And, Cohen Both Takes The Fall And Passes The Buck
A quick update on New York’s Second AI Hallucination case, which I originally covered a couple of weeks ago—today we learned that Michael Cohen, the client, and not David Schwartz, the lawyer, used artificial intelligence (this time, Google Bard) to generate cases that did not exist. In a declaration he submitted to the court (available starting on page 9 of this packet from the CourtListener docket), Cohen stated that (having been disbarred several years ago) he had not kept up with legal technology trends and did not understand the limitations of AI.
Cohen, while praising Schwartz as a friend and lawyer, still threw him lawyer under the bus and blamed him for not double-checking his work. (Schwartz, in turn, threw another one of Cohen’s lawyers under the bus.)
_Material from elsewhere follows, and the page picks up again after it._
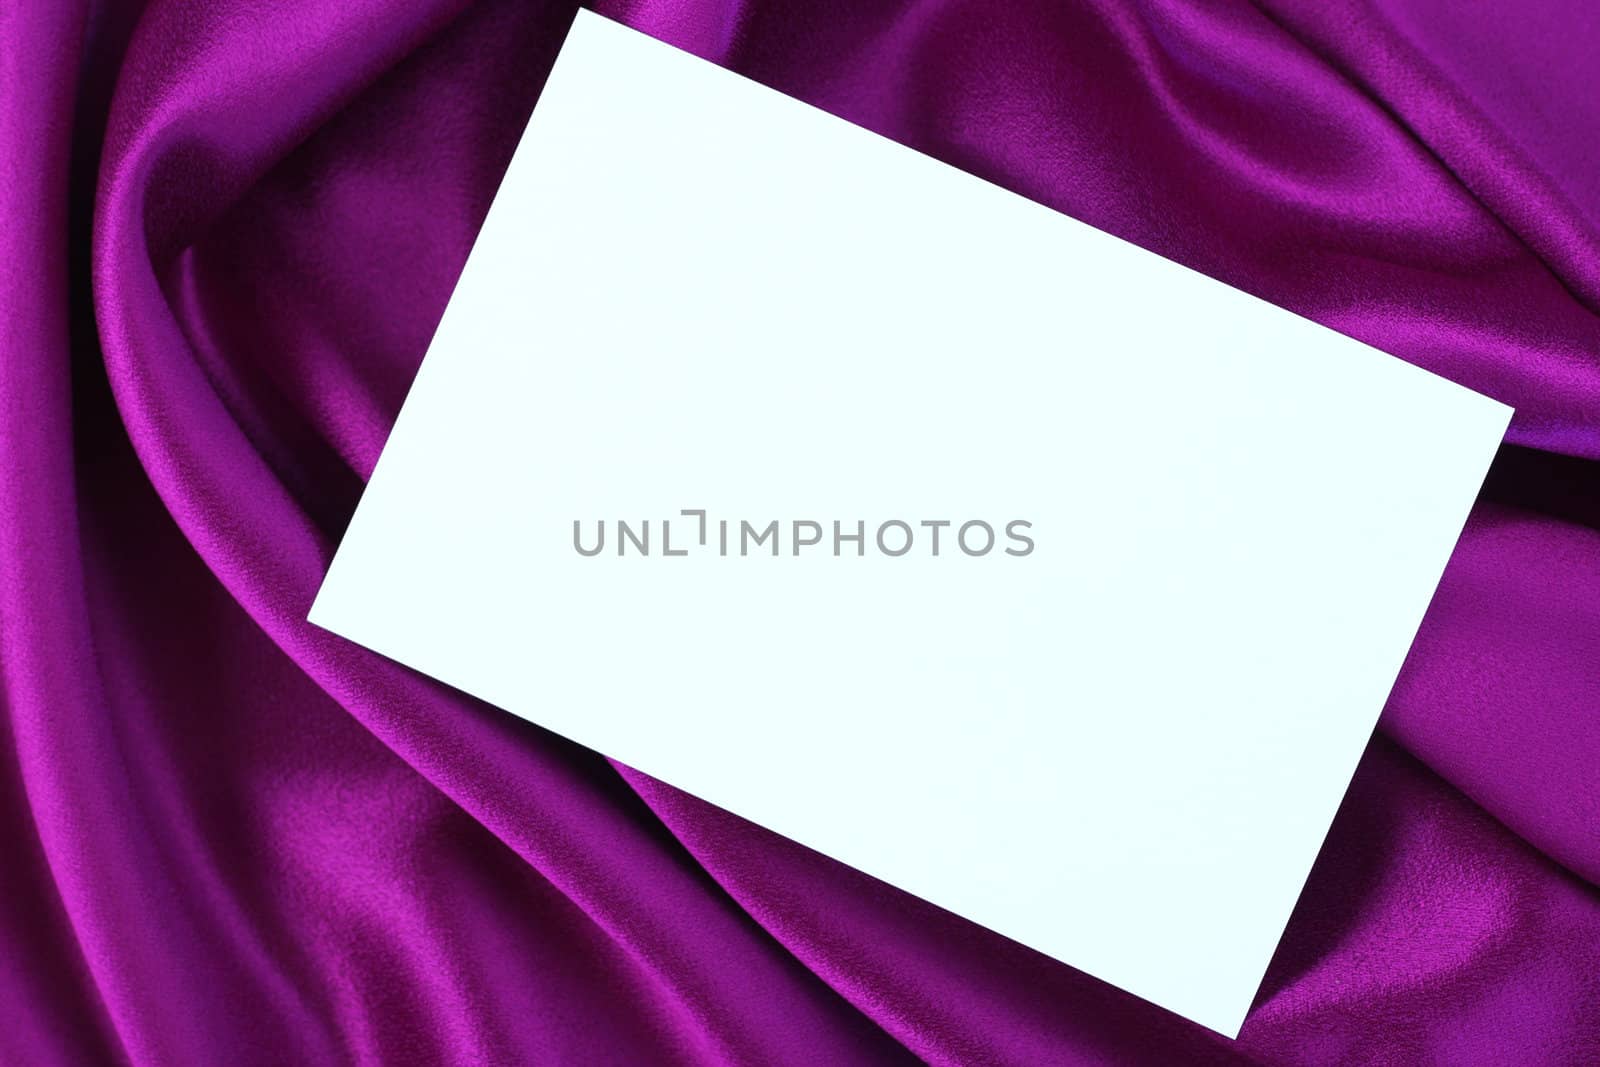 Blank white card on purple and magenta colored satin cloth.

Which, yeah. I get that Cohen wants to preserve his application to terminate his supervised release and doesn’t want to tick off the judge, but he does have an important point. The buck does stop with the lawyer. I represent lots of lawyers (including those in good standing, and those who have been suspended and revoked) and welcome their input. That someone is in my office because of an alleged or actual ethical lapse does not mean they can’t provide meaningful and important assistance in their defense. But, I’m not going to risk my reputation or my license (or theirs) relying on citations to cases I haven’t read.
Another interesting point here is that this case involved Google Bard rather than ChatGPT (the culprit in the widely publicized Mata case). ChatGPT is a large language model from OpenAI and was never intended as a legal research service, or even as search engine. Google Bard, on the other hand, while not a legal research service, is, well, part of Google. I haven’t yet taken a deep dive on Bard, but most lawyers use Google for at least some functions (if I know a disciplinary case by the lawyer’s name it’s faster for me to Google it than get it through either Lexus or the Supreme Court website) and get mostly reliable results. So, this is another caution to add to the mix.